How to Implement Data Governance?


How to Implement Data Governance: Is Having a Unified Standard for Data Cleaning and Imputation Sufficient? I Believe This Is Only the First Step. Data Asset Inventory and Data Lineage Governance Are Not Merely About Cleaning Up Existing “Dirty Data,” but More Importantly, About Addressing Issues at the Source. Establishing Such a Mechanism Requires Substantial Expertise, Which Is Essential to Developing a Rational and Effective Data Governance Framework.


I believe that comprehensive data governance comprises five layers. The core first layer is business data, which refers to the understanding of business operations. The second layer is metadata cleansing, the third is data standardization, the fourth is data integration and sharing, and the fifth is a big data convergence management platform.

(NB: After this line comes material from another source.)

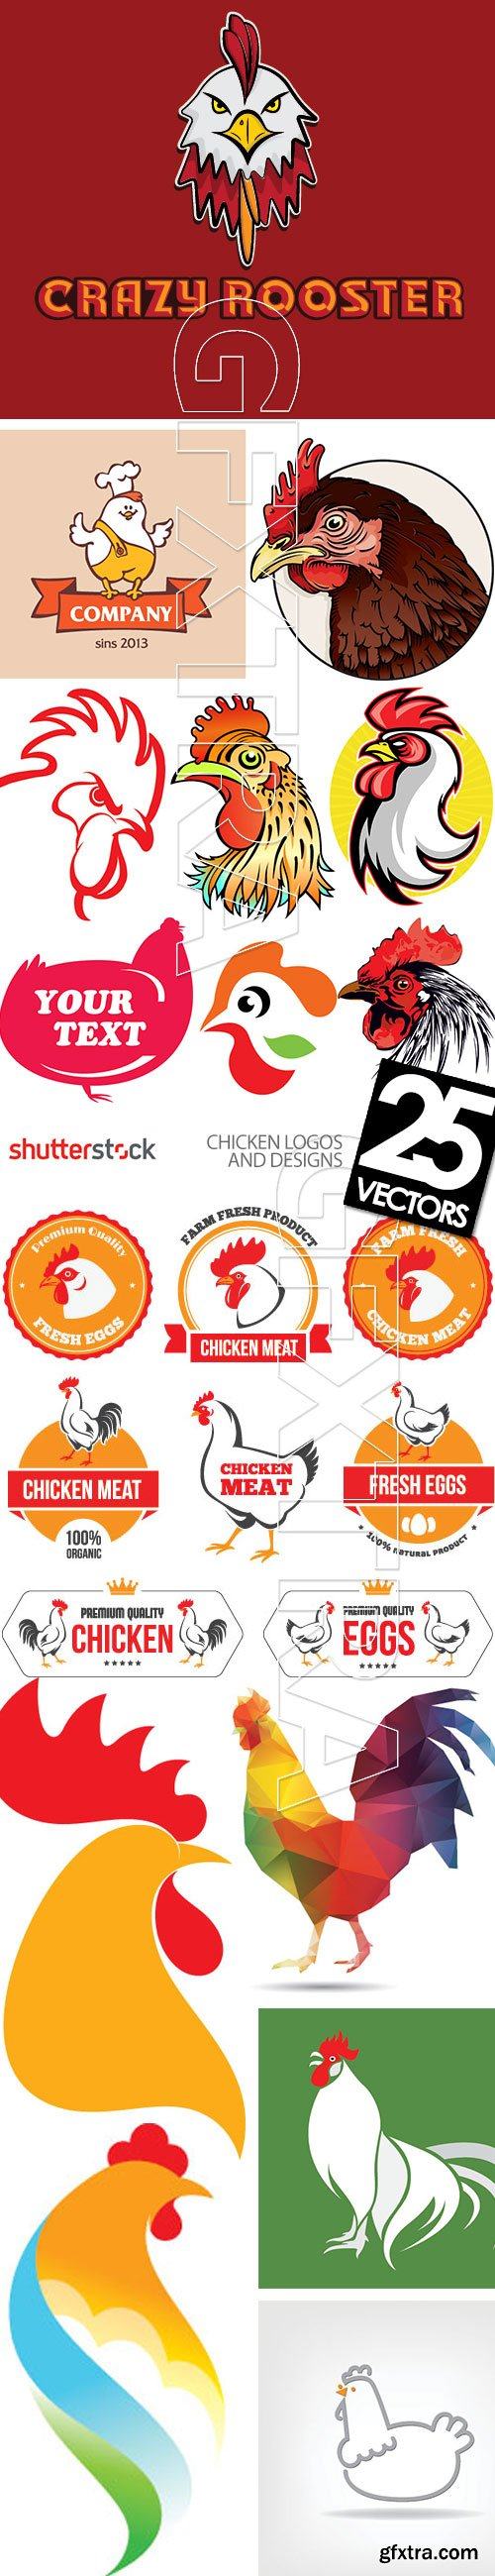 Chicken Logos & Designs 25xEPS
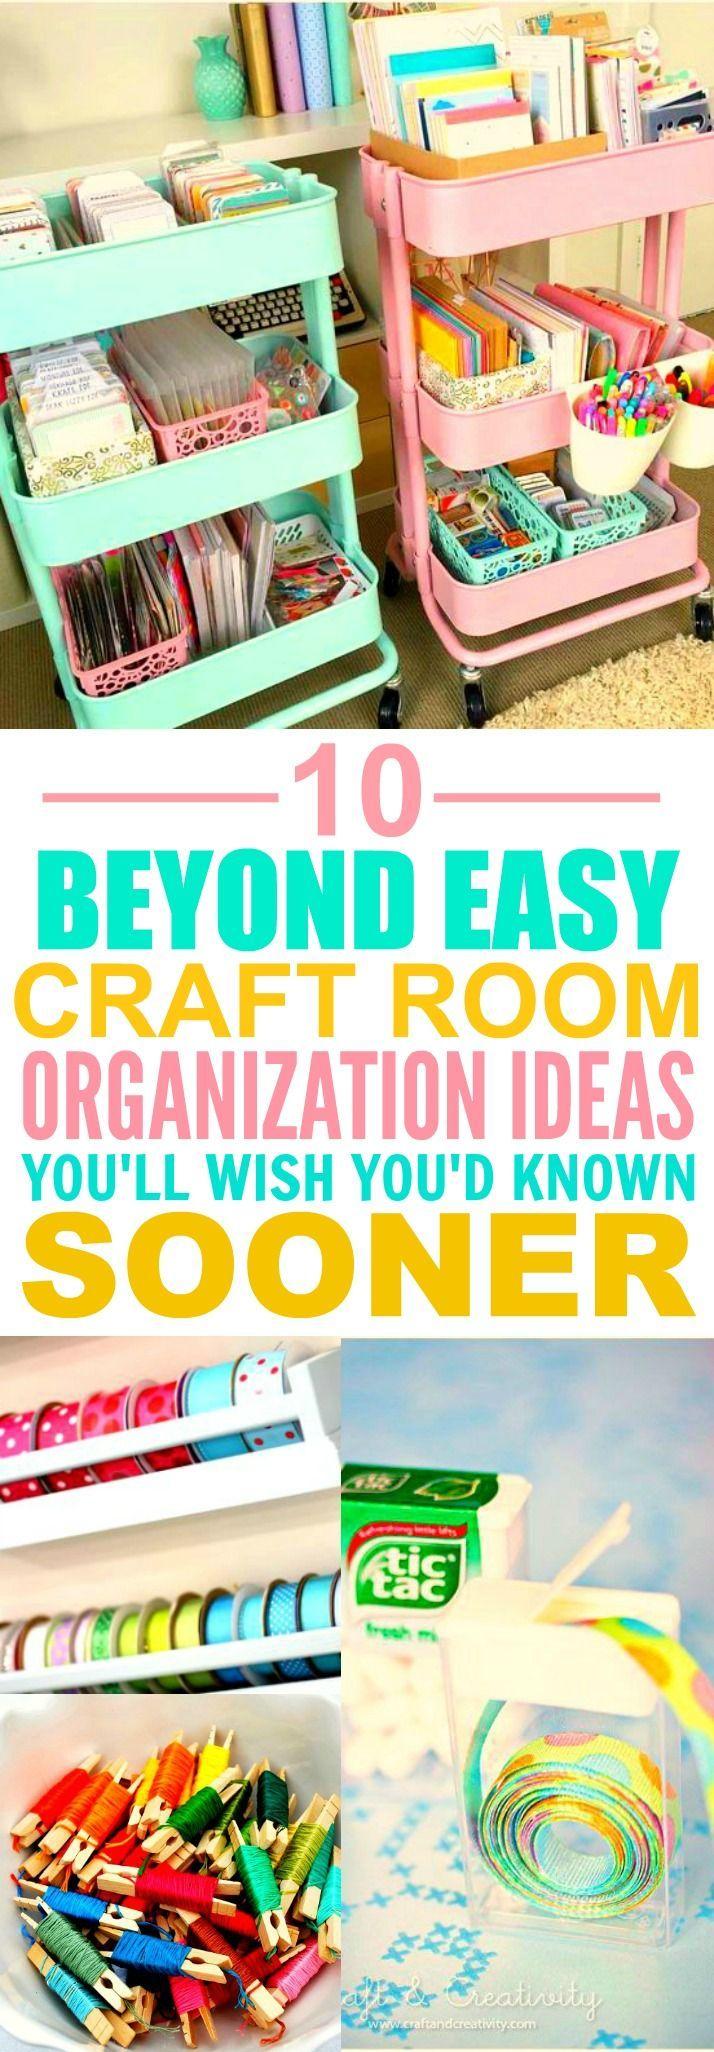 10 Beyond Clever Craft Room Organization Ideas Craft Room Organization Craft Room Storage Craft Organization

Shulian Medical Credit: Big Data Management of Medical Equipment


Shulian Yixin is primarily a company specializing in medical equipment management. In the medical equipment industry, asset registries are currently quite disorganized, leading to inefficient management processes, limited after-sales service, inability to standardize inspections, and potential quality risks. By leveraging data analytics, we can effectively assign a unique “identity” to each piece of equipment. This requires standardizing equipment categories; at a minimum, we need to determine how many monitors of the same type a hospital has. Our current efforts in equipment standardization focus precisely on this aspect—implementing metadata governance for hospital-wide asset registries.

 

For newly introduced equipment, we primarily rely on brand imagery to identify the data category. We have successfully recognized various types of devices, including B-mode ultrasound scanners, achieving satisfactory average processing time and accuracy. By standardizing equipment categories, we are able to integrate extensive inspection and maintenance information into Augmented Reality (AR) systems, allowing users to visualize inspection items and fault details through AR interfaces.

 

Subsequently, by analyzing the device’s historical failure data—including its category and model—we can predict future failures. Based on current data, the accuracy of failure prediction exceeds 94%. These insights are derived from visualizations generated after comprehensive data processing. Without such data processing, it would be difficult to conduct large-scale statistical analysis and derive these findings.